§ **What to work on**: Your reply should contain the whole listing below, repeated exactly, and no images.

§ **Exercise data**:
Content starts

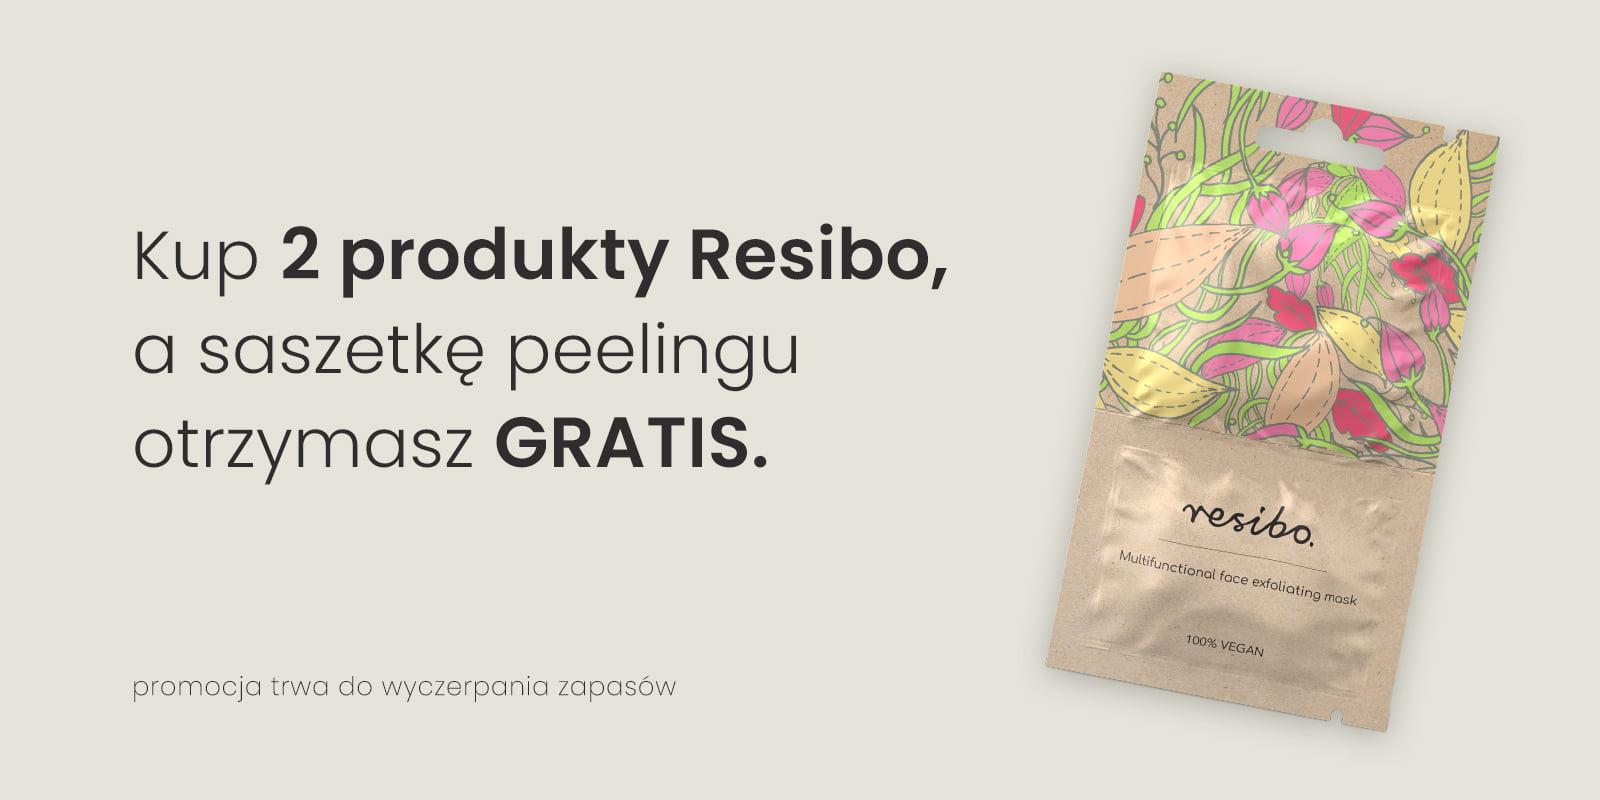 szaszetka-peelingu-gratis
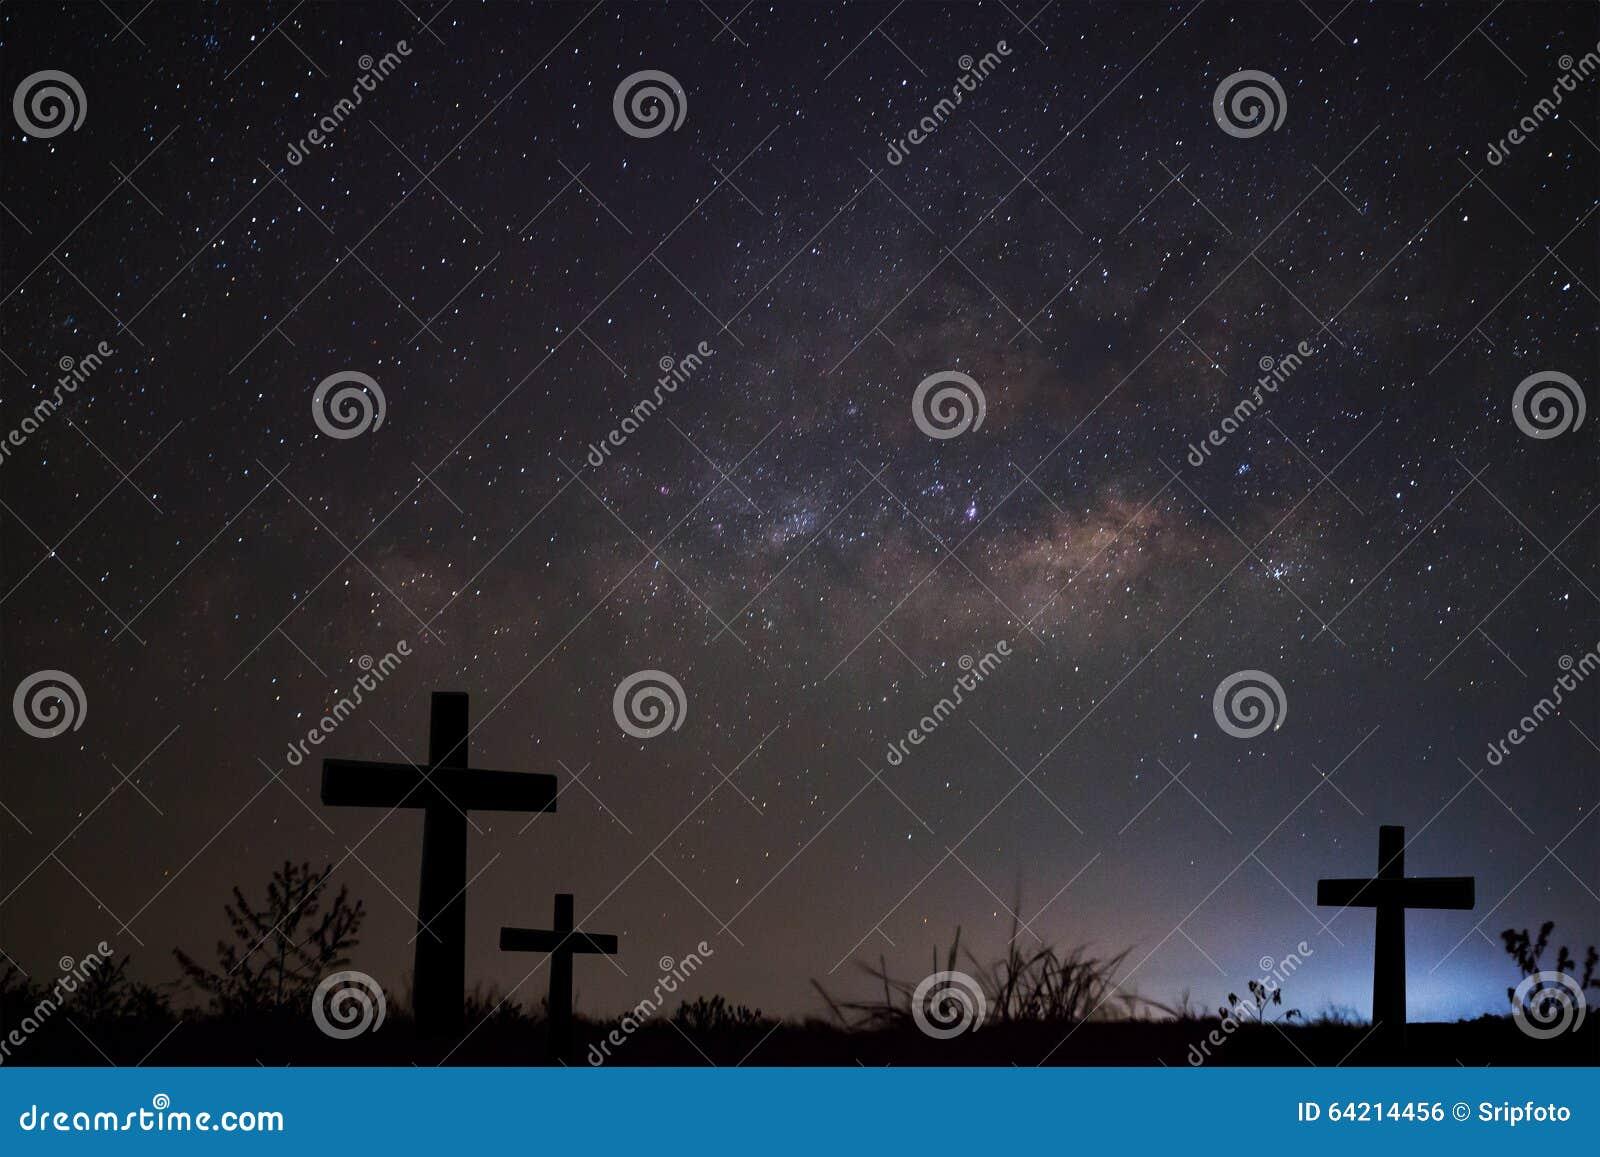 Schattenbild von kreuzen vorbei Milchstraßehintergrund, langes Belichtung phot
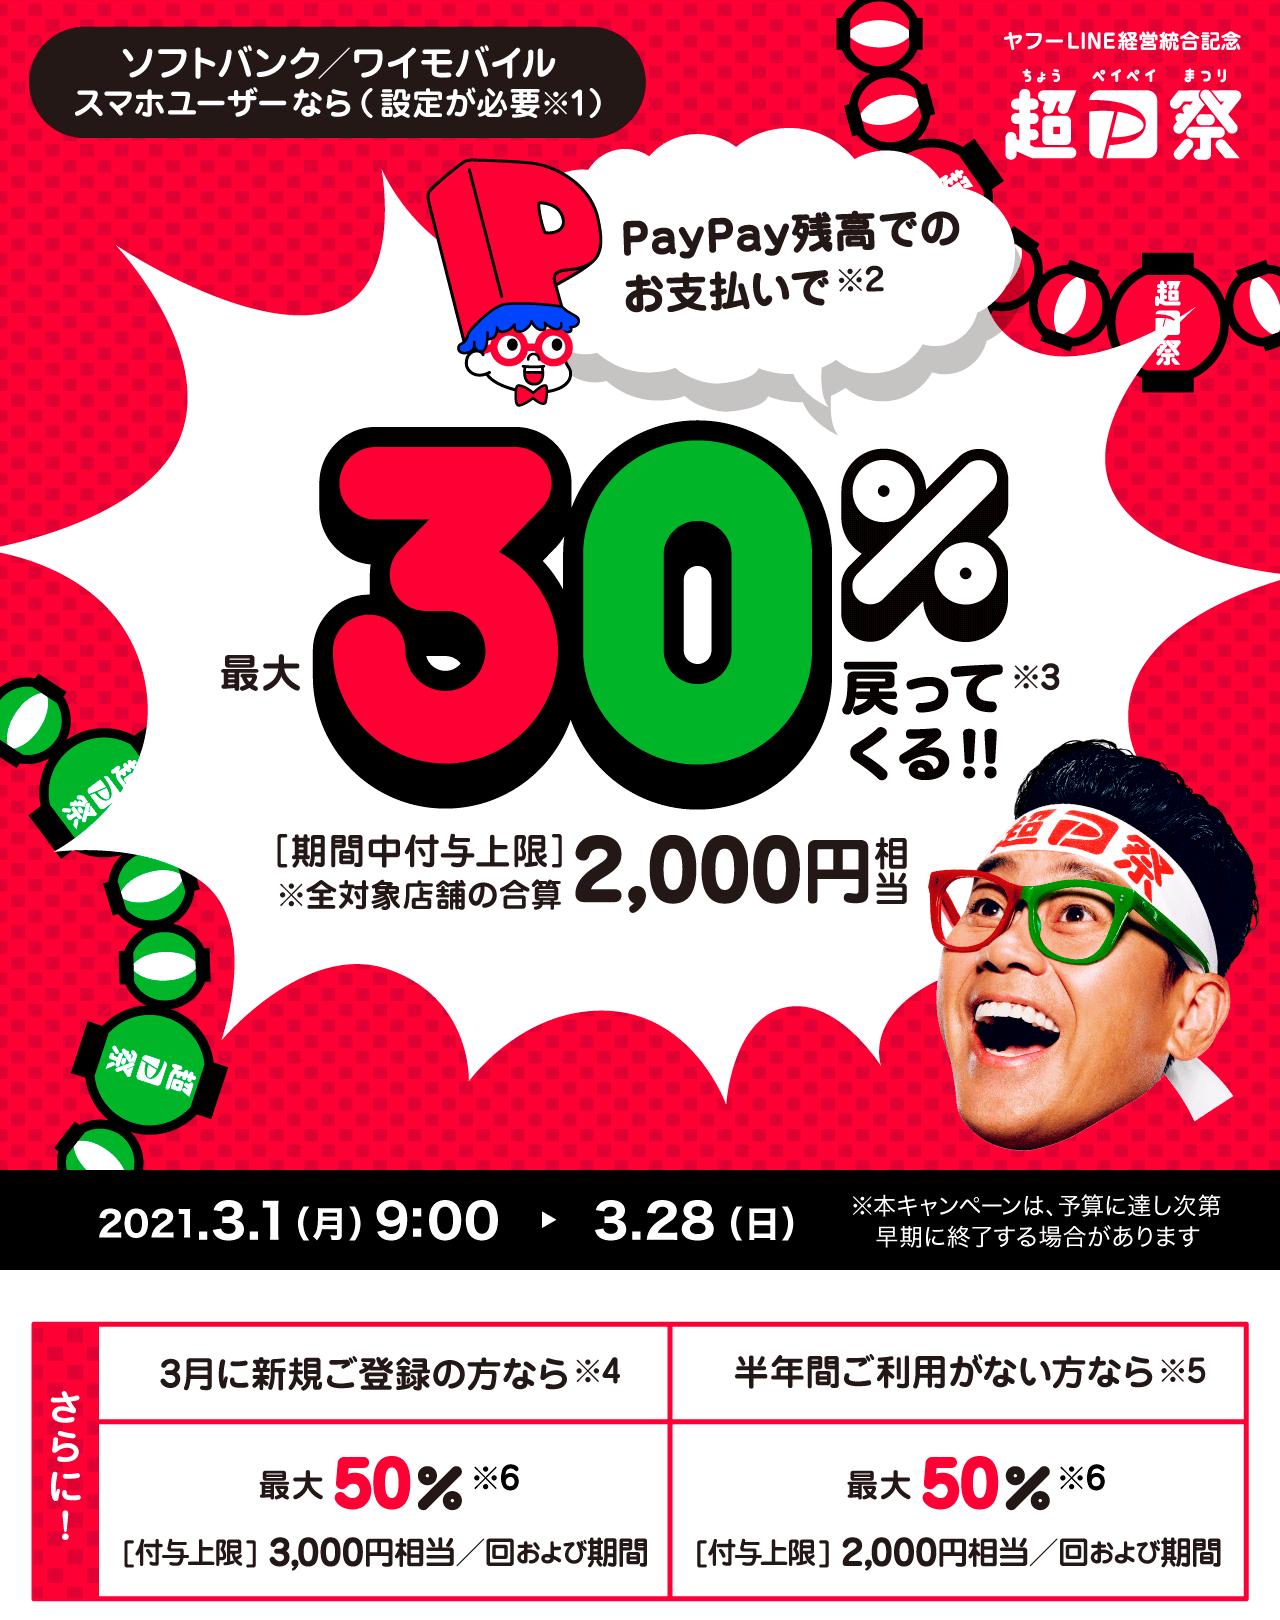 ソフトバンク/ワイモバイルスマホユーザーなら PayPay残高でのお支払いで最大30%戻ってくる!!

Content ends

§ **Response to this exercise**:
 szaszetka-peelingu-gratis
 Schattenbild von kreuzen vorbei Milchstraßehintergrund, langes Belichtung phot
 ソフトバンク/ワイモバイルスマホユーザーなら PayPay残高でのお支払いで最大30%戻ってくる!!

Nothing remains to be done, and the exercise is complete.